It is required to minimize the quadratic function
$f(\mathbf{x}) = \mathbf{x}^T Q \mathbf{x} + b^T \mathbf{x} + c $
Subject to the quadratic constraint
$ g(\mathbf{x}) = \mathbf{x}^T C \mathbf{x} + d^T \mathbf{x} + e = 0$
where $\mathbf{x} \in \mathbb{R}^n$, and it is assumed that matrix $C$ is positive definite.
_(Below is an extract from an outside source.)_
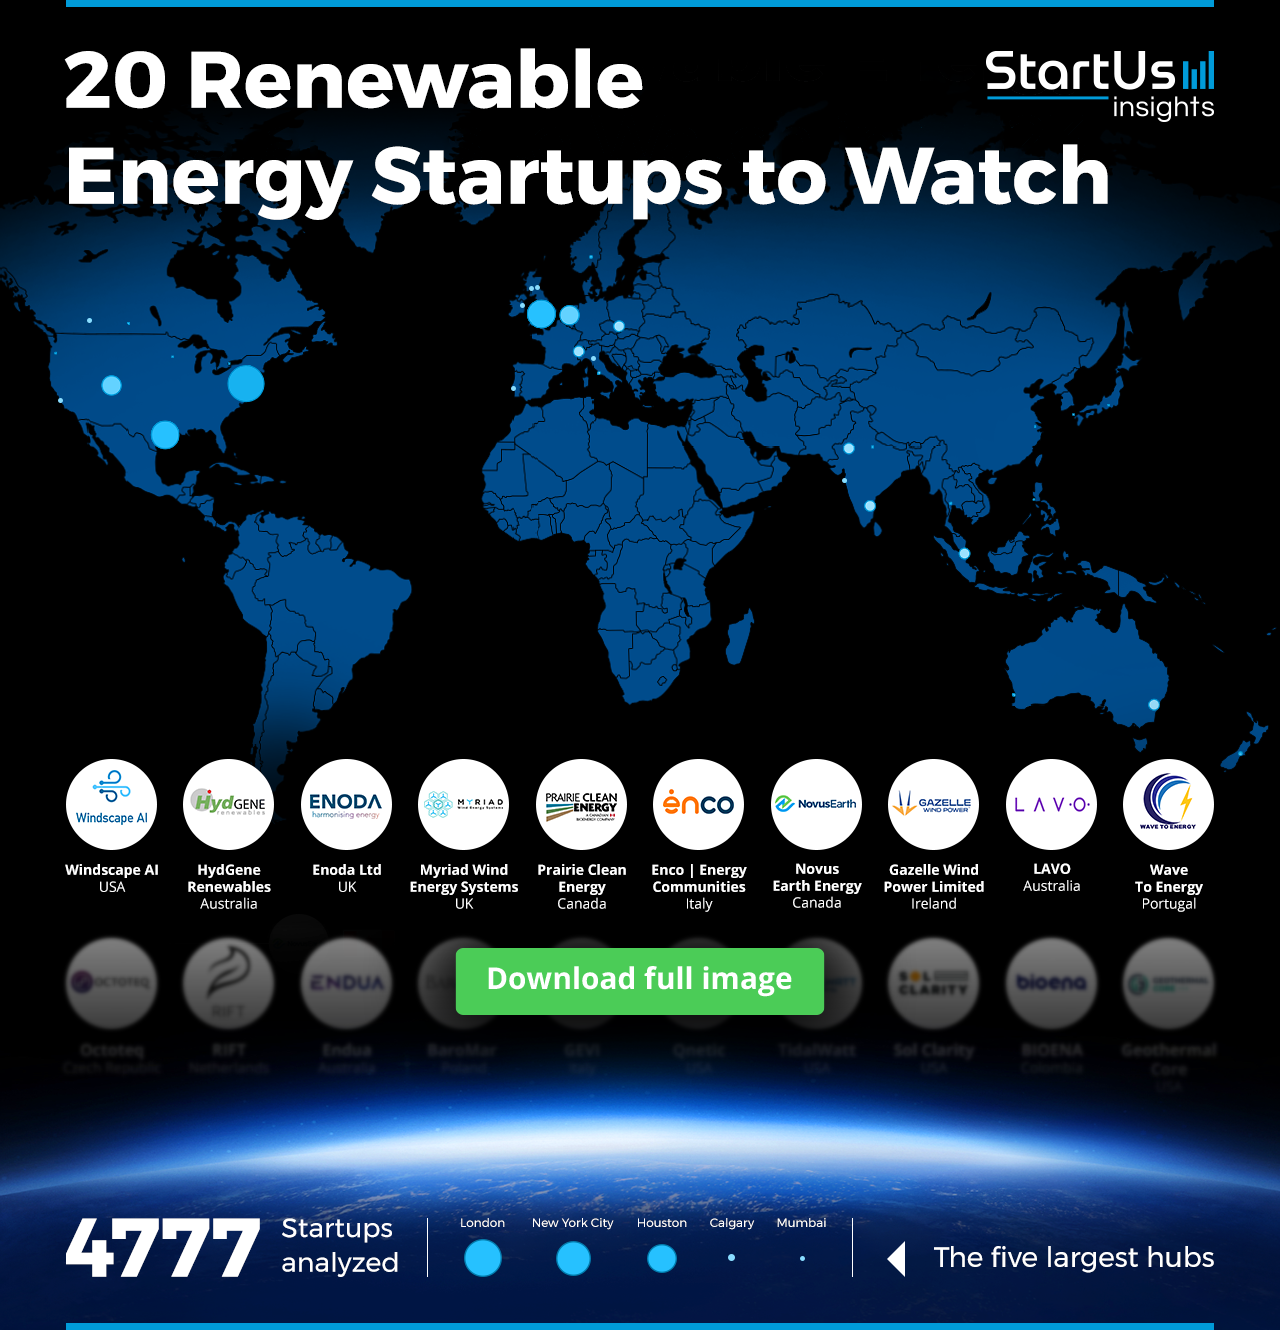 Renewable-Energy-Startups-to-Watch-Heat-Map-Blurred-StartUs-Insights-noresize

My approach is based on the Lagrange multiplier method, so I define
$ L(\mathbf{x}) = f(\mathbf{x}) + \lambda \ g(\mathbf{x}) $
Then we want
$ \nabla L = \nabla f + \lambda \nabla g = \mathbf{0}$
which translates into
$ \nabla L = \mathbf{0} = 2 Q \mathbf{x} + b + \lambda \ (2 C \mathbf{x} + d ) $
I am not sure how to proceed from this point. One way I can think of is to isolate $\mathbf{x}$,
$\mathbf{x} = - ( 2 Q + 2 \lambda C )^{-1} (b + \lambda d ) $
Substituting this into $g(\mathbf{x}) = 0 $ gives
$ (b + \lambda \ d )^T ( 2Q + 2 \lambda C )^{-1} C ( 2 Q + 2 \lambda C)^{-1} (b + \lambda \ d ) - d^T (2 Q + 2 \lambda C )^{-1} (b + \lambda d ) + e = 0 $
But I have no idea how I would solve for $\lambda$ from this equation. Would it possible to apply the matrix inversion lemma (Woodbury matrix identity) to simplify this equation ?
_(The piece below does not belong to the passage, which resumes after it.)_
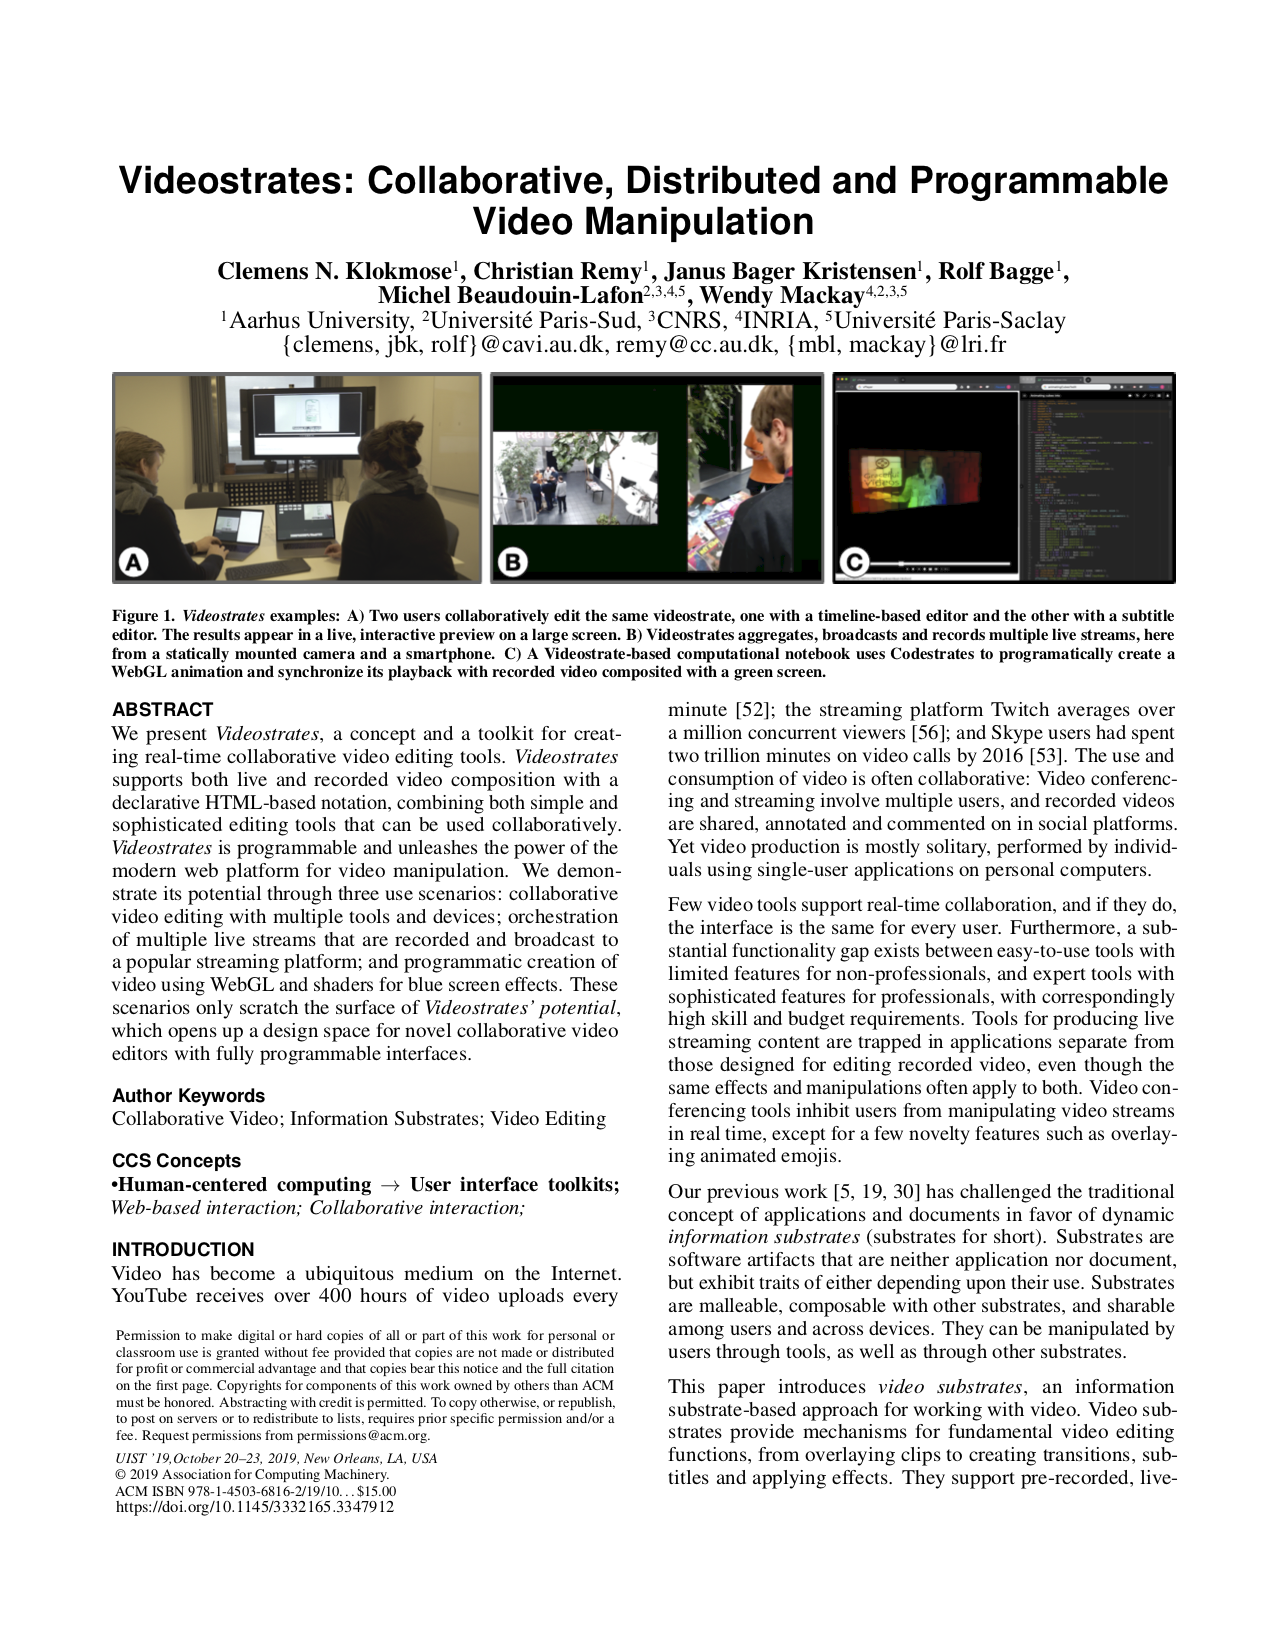 Frontpage of Videostrates paper

Another way to go, which I think is better, is to eliminate $\lambda$
We have
$\mathbf{0} = 2 Q \mathbf{x} + b + \lambda \ (2 C \mathbf{x} + d ) $
So,
$ 2 Q \mathbf{x} + b = -\lambda \ (2 C \mathbf{x} + d ) $
If we define
$ E_j = e_1 e_j^T - e_j e_1^T, \ j = 2,3, \dots , n $
Then
$ (2 Q \mathbf{x} + b )^T E_j (2 C \mathbf{x} + d) = 0 , \ j = 2, 3, \dots, n$
This is a quadratic system of $(n-1)$ quadratic equation in the unknown vector $\mathbf{x} \in \mathbf{R}^n$, in addition to these, we have the $n$-th equation which is $g(\mathbf{x}) = 0 $.
Now we can use a quadratic system solver to obtain all possible solutions. (Mathematica should be able to solve this system). Having obtained all the possible solutions, we select the one that gives the minimum value of $f(\mathbf{x})$. I appreciate your comments, hints, and alternative solutions.